I tried splitting the particle stack into smaller groups to run 2D classification individually, but unfortunately we were met with buffering of the cryosparc session. I assigned 3 2D class jobs (2.5 M particles each), each with 1 GPU and ultimately received the sock connection error:
cryosparcm status
----------------------------------------------------------------------------
CryoSPARC System master node installed at
/home/bell/programs/cryosparc_master
Current cryoSPARC version: v4.4.1
----------------------------------------------------------------------------
CryoSPARC process status:
unix:///tmp/cryosparc-supervisor-2bd2e4ee751475e1d6470e25365ba9c5.sock refused connection
----------------------------------------------------------------------------
So it seems I have not fully addressed this issue quite yet. Any suggestions on what I can try next?
The empty ps -e output suggests that CryoSPARC-related processes have exited, but socket files where (unexpectedly) left behind.
What is the output of the command
this is while cryosparc is buffering/sock connection issues are happening
bell@ub22-04:~$ cryosparcm log supervisord | tail -n 20
2024-04-15 10:11:08,026 INFO spawned: 'app' with pid 62991
2024-04-15 10:11:09,695 INFO success: app entered RUNNING state, process has stayed up for > than 1 seconds (startsecs)
2024-04-15 10:11:09,855 INFO spawned: 'app_api' with pid 63009
2024-04-15 10:11:11,206 INFO success: app_api entered RUNNING state, process has stayed up for > than 1 seconds (startsecs)

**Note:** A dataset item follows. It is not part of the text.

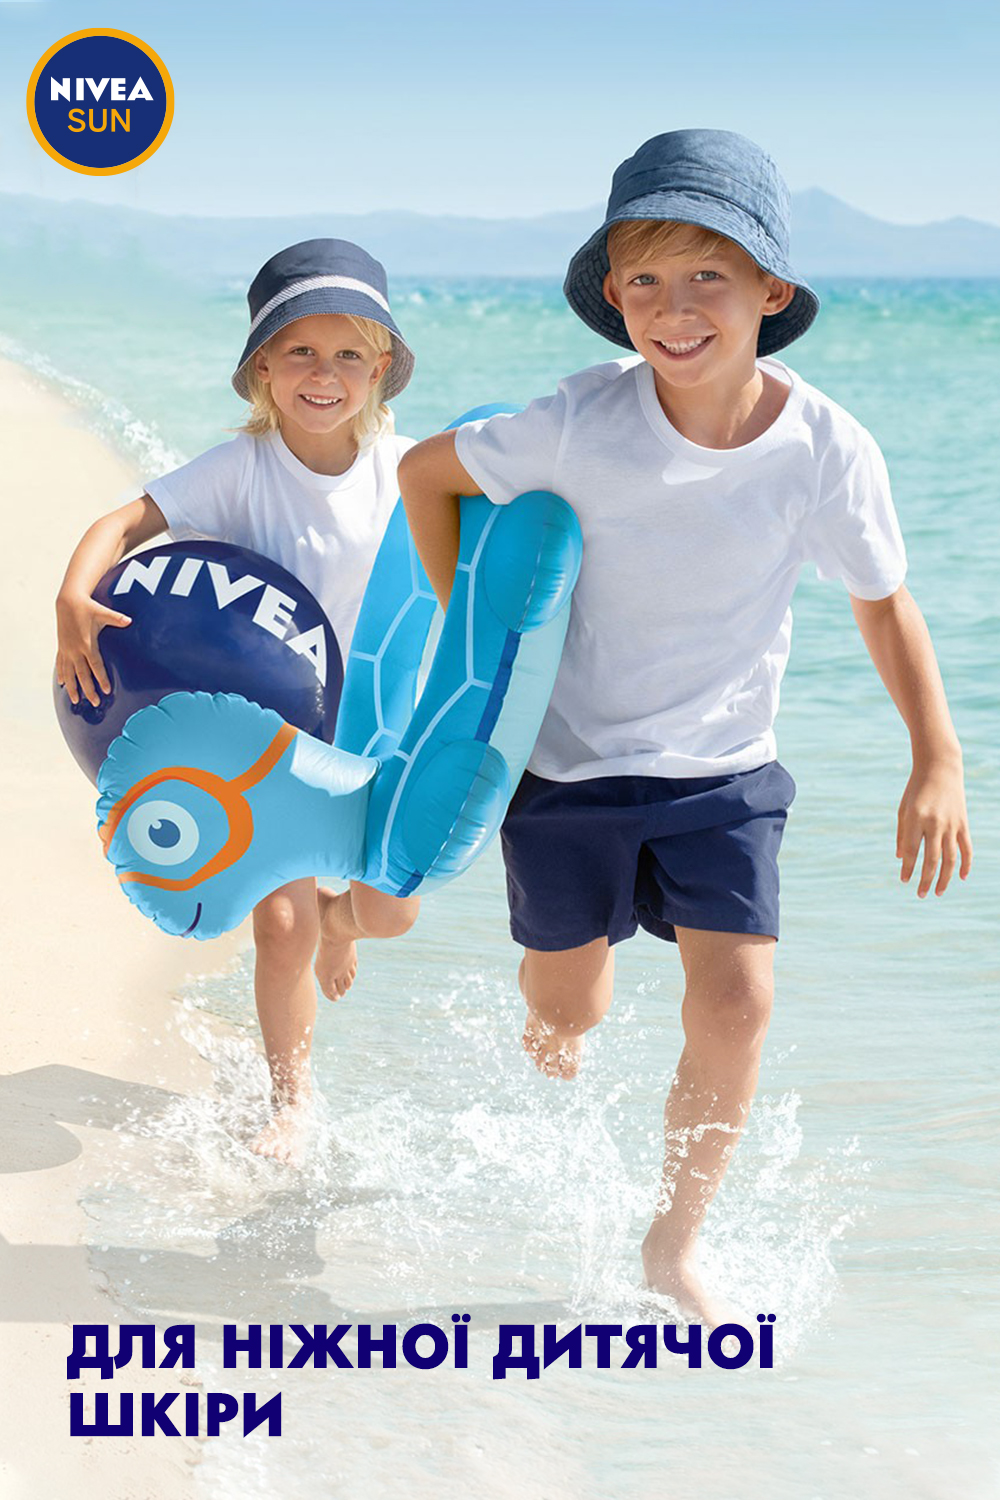 Лосьон детский увлажняющий солнцезащитный Nivea Sun Играй и купайся, SPF 50+, 200 мл - фото 9

2024-04-15 14:17:02,685 INFO RPC interface 'supervisor' initialized
2024-04-15 14:17:02,685 CRIT Server 'unix_http_server' running without any HTTP authentication checking
2024-04-15 14:17:02,687 INFO daemonizing the supervisord process
2024-04-15 14:17:02,687 INFO supervisord started with pid 69353
2024-04-15 14:17:07,480 INFO spawned: 'database' with pid 69467
2024-04-15 14:17:09,355 INFO success: database entered RUNNING state, process has stayed up for > than 1 seconds (startsecs)
2024-04-15 14:17:11,321 INFO spawned: 'command_core' with pid 69578
2024-04-15 14:17:17,012 INFO success: command_core entered RUNNING state, process has stayed up for > than 5 seconds (startsecs)
2024-04-15 14:17:17,773 INFO spawned: 'command_vis' with pid 69611
2024-04-15 14:17:18,775 INFO success: command_vis entered RUNNING state, process has stayed up for > than 1 seconds (startsecs)
2024-04-15 14:17:18,923 INFO spawned: 'command_rtp' with pid 69639
2024-04-15 14:17:19,924 INFO success: command_rtp entered RUNNING state, process has stayed up for > than 1 seconds (startsecs)
2024-04-15 14:17:23,709 INFO spawned: 'app' with pid 69696
2024-04-15 14:17:25,379 INFO success: app entered RUNNING state, process has stayed up for > than 1 seconds (startsecs)
2024-04-15 14:17:25,539 INFO spawned: 'app_api' with pid 69714
2024-04-15 14:17:26,827 INFO success: app_api entered RUNNING state, process has stayed up for > than 1 seconds (startsecs)
@carterwheat Unfortunately, I was not able to confirm the (only) hypothesis I had based on your problem description
and the commands’ outputs that you so patiently provided.
The hypothesis went like this:
CryoSPARC was started as normal.
CryoSPARC processes were abruptly killed due to some event (RAM or other system load?. A mere TERM signal would have allowed for the cleanup of the
file)
The kernel “OOM killer” seemed to me a good candidate for part 2., but there appear to be no supporting log records. Please let us know if you have any additional information that would point to an alternative cause, such as if the CryoSPARC processes are running inside a container or are subject to some cluster workload manager.